We propose eight strategic levers which need to be decided by each company. “where to play” levers determine the level of divergence from the traditional Western focused product markets to offering a broader portfolio of healthcare products and/or solutions globally. “how to win” strategic levers enable medtech companies to execute the selected “where to play” strategy effectively and efficiently. These levers refer to the companies’ value chain configuration, processes and capabilities.

Medtech executives believe different levers will achieve the most impact with regards to top-line growth and bottom-line protection over the next 5 years. A third of medtech executives believe that forward integration will be the most attractive with regards to top-line growth while also offering bottom-line protection in the coming 5 years.

A third of medtech executives believe that decisions regarding the geographic footprint will be most attractive with regards to top-line growth in the coming 5 years while also offering bottomline protection. Today, presence in emerging markets is regarded not as an option but rather as an obligation. However, future oriented players do not limit their engagements to commercialization.

Across many countries medtech companies will face challenging price negotiations with hospitals who themselves have to protect their margins in increasingly cost-focused healthcare systems. Almost a third of medtech experts questioned expect operational excellence, focusing on lean/low cost management to offer the best bottom line protection over the next 5 years thus buying time for strategic changes. Efforts to significantly improve operational expenses have been an ongoing theme for the last 5 years, potentially leading to a severe lack of vital resources to turn around the business through applying new business models.

More than 40% of medtech executives believe that the sector will lead the way in changing healthcare by adapting its current business model. Regarding the role of medtech firms in the healthcare transition process, expert opinions are divided. While almost half of respondents think the medtech sector will play a minor role, more than 40% believe that the sector will actually lead the way in changing healthcare by adapting its current business models.

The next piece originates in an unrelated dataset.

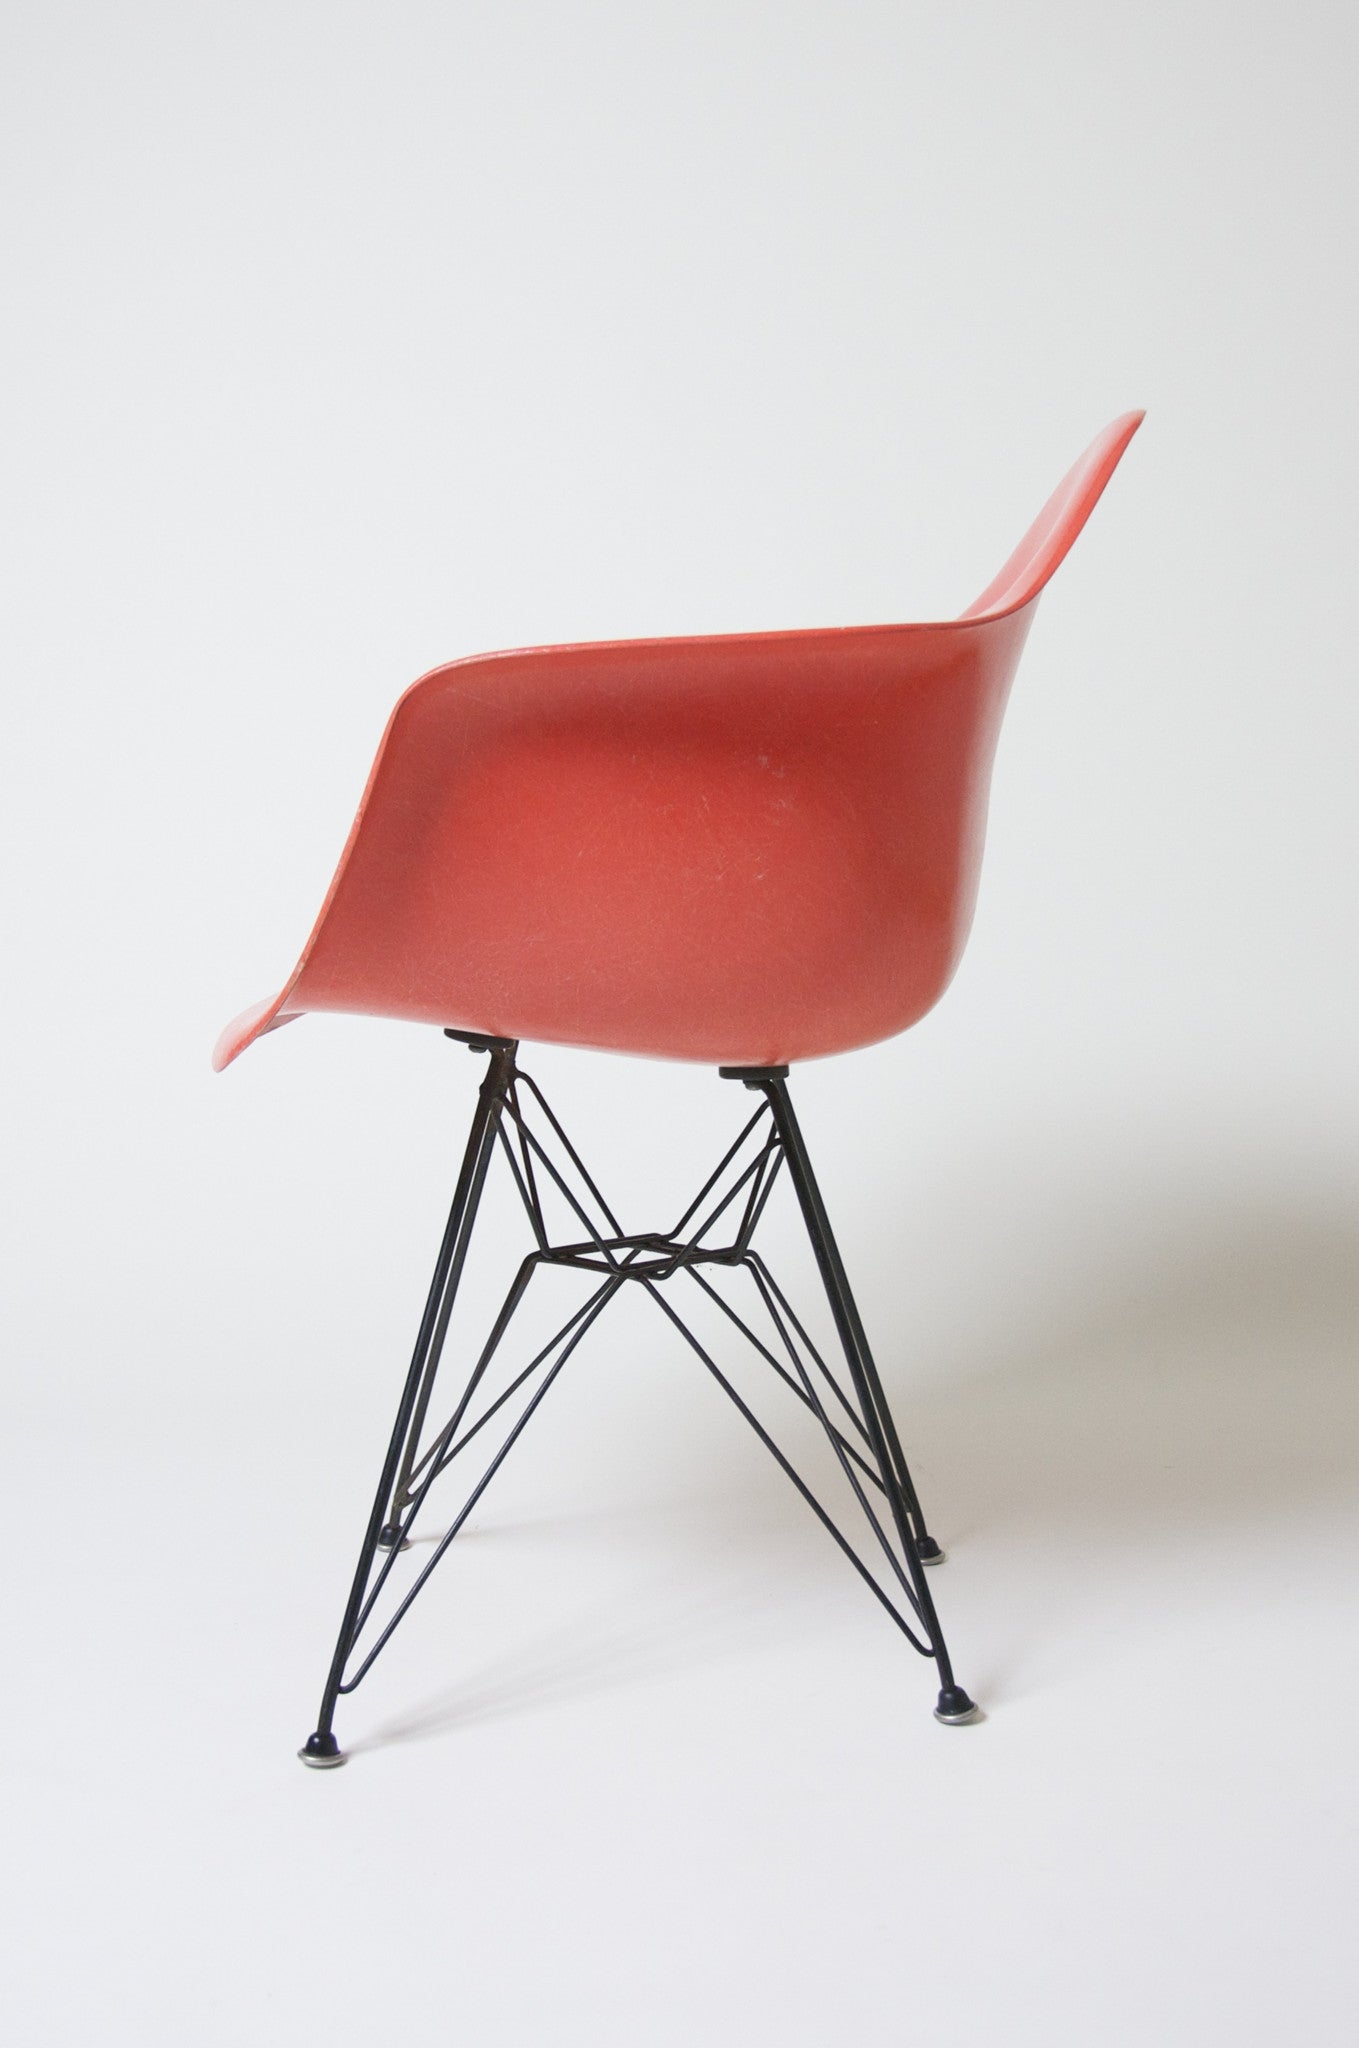 SOLD 1958 Original Eames Eiffel Tower Herman Miller Fiberglass Arm Shell Chair

As always there is no “one size fits all” recipe to master this enormous challenge. Appropriate approaches depend on the specific situation determined by the market, healthcare segment and local healthcare funding. The most critical step is to first build a solid and strategic foundation by picking the right market and segment and start in geographies that offer a favorable environment. Western players in renal care for instance established public/private partnership models across Eastern European countries in order to build up the infrastructure for these markets first.

Essentially, medtech companies have to make decisions along two major dimensions. First, they need to select offerings and business models which focus on the product; ranging from specialized, innovative products to broad, generalized medtech and life sciences products. Secondly, they need to decide on their commercial strategies, which must embody both a pure product focus on one end and holistic healthcare treatment solutions on the other. In addition, strategies will focus on superior outcomes, process optimization and cost efficiency. As long as medtech companies focus on products, they can only compete with four major medtech models, differentiated by outcome/total healthcare costs improvement and unique product positioning.

Clearly, medtech executives are doing their best to tackle the necessary fundamental changes successfully to secure long-term survival of their corporations. Most recognize the many opportunities changes in healthcare will provide and are making their strategic decisions as the future unfolds. While implementing their visions, some are not only transforming their own corporations but also the overall medtech and healthcare sectors. The ongoing identification and implementation of the success formula of the future poses risks, but it is certainly less risky than standing still and hanging onto the past for too long until it will be too late to change.